He didn’t even insult me or call me a silly ewe. This had to be serious, but he hadn’t said anything to Hamish and he tells Hamish everything.

Angus gave up eating. He didn’t fluff his wool or shine his hooves. He forgot to shoo me away when I got to close. I even gave him a quick pat and he said nothing. Now I was getting worried. I thought I better tell Aud.

“Oh, Pawnee,” Angus said before I could do so. “Me Mum always takes me to the dentist. How can I go alone?” With that he fainted again. I had to wait until he recovered before replying.

“Sheep go to dentists?”

He fainted again. If this kept up I wasn’t going to find out anything about the appointment. He revived. I grabbed  him.

“Stay awake. What dentist?”

Too late. He was gone. I had a feeling he was never going to get to the dentist if he stayed comatose. So I stuck with him. When the taxi came the next day I had to carry the unconscious Angus to the vehicle. The driver knew where to go, the local veterinarian. Wouldn’t you know, and how convenient, an exchange veterinarian from Scotland happened to be visiting and she just happened to specialize in dentistry.
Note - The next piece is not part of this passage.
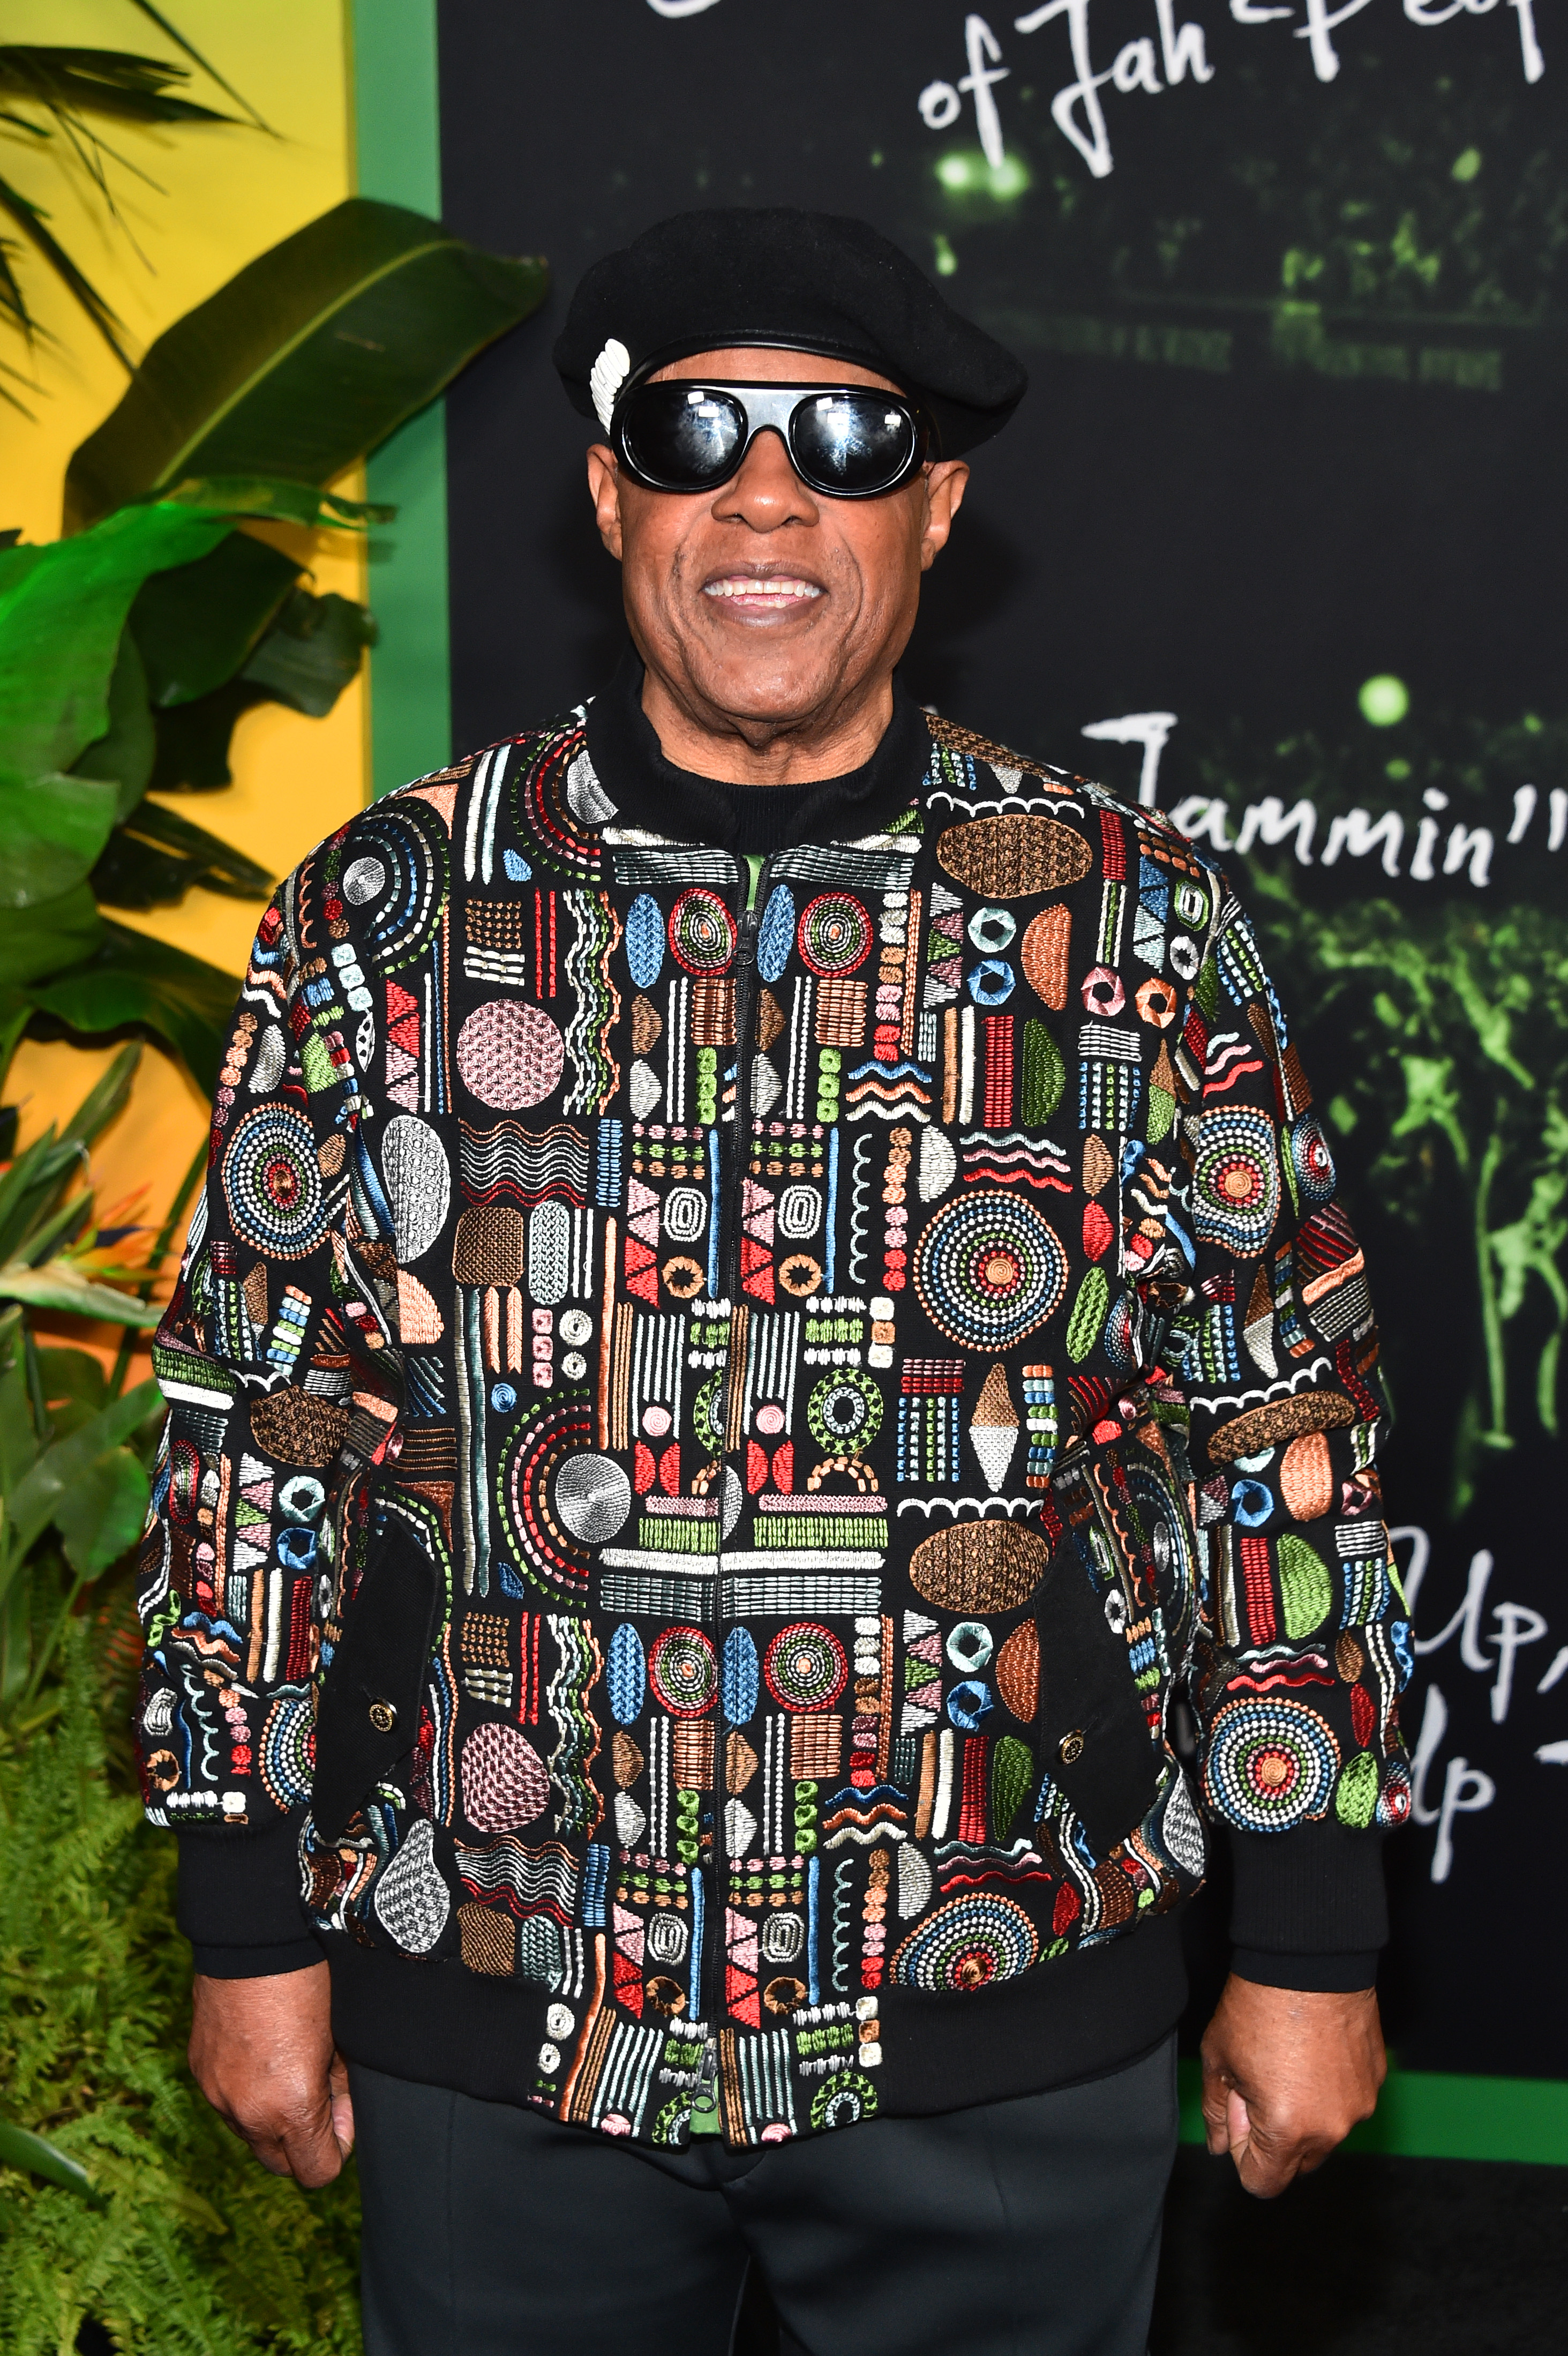 Los Angeles Premiere Of Paramount Pictures "Bob Marley: One Love"
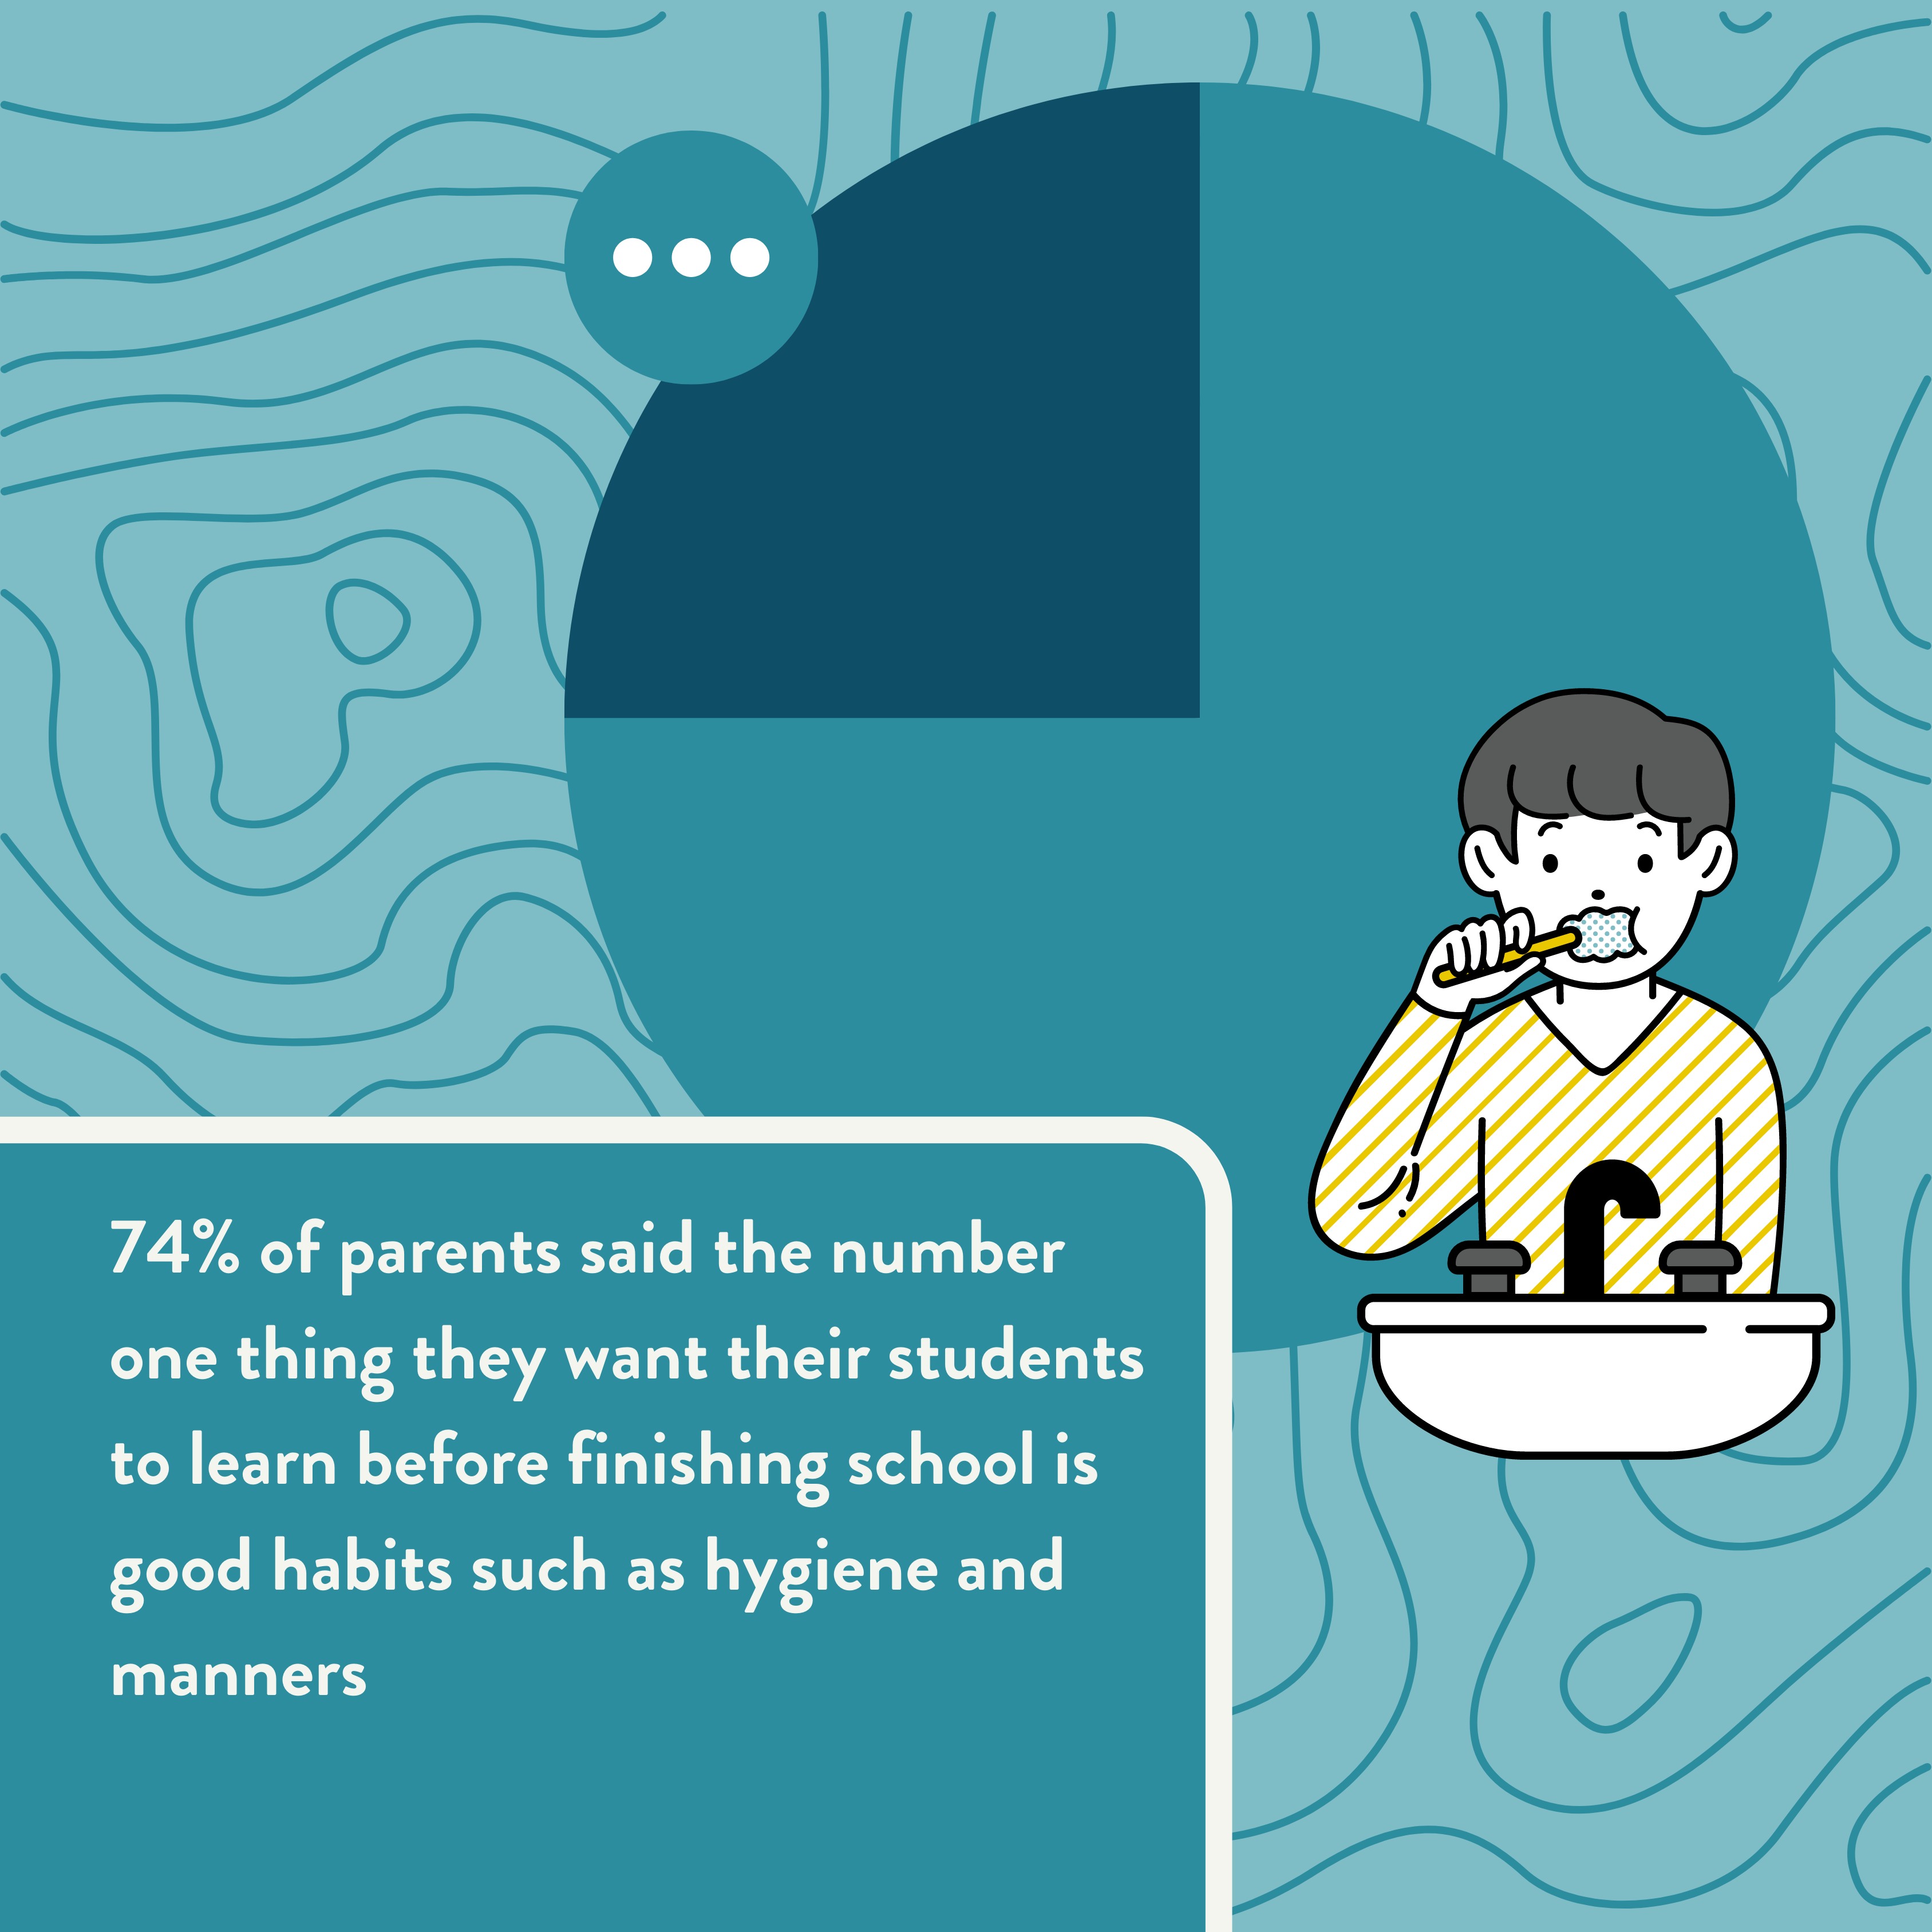 Infographic showing that 74% of parents said the number one thing they want their students to learn before finishing school is good habits such as hygiene and manners. education in rural communities

“What are the odds?” I asked the Scottish secret service guy sitting in the corner. It was the same one who’s always there when Angus gets a checkup. Angus never notices. As usual the man ignored me and rattled his paper to indicate he’s reading, which he isn’t. I went to play with the kittens while I waited. A half hour later Angus walked out with a toothbrush and hay flavored toothpaste.

“I had a cavity. She said I ate too many oatie bits. I need to eat more grass, but it’s not as good here as in Scotland.” He’s pretty much recovered from his fainting spells until he hears the cost, one dollar,  then he faints again. I have to complete the transaction, pulling a wadded up five dollar bill from his sporran. The four singles won’t fold small enough to fit back in, so I stick them in buckskins.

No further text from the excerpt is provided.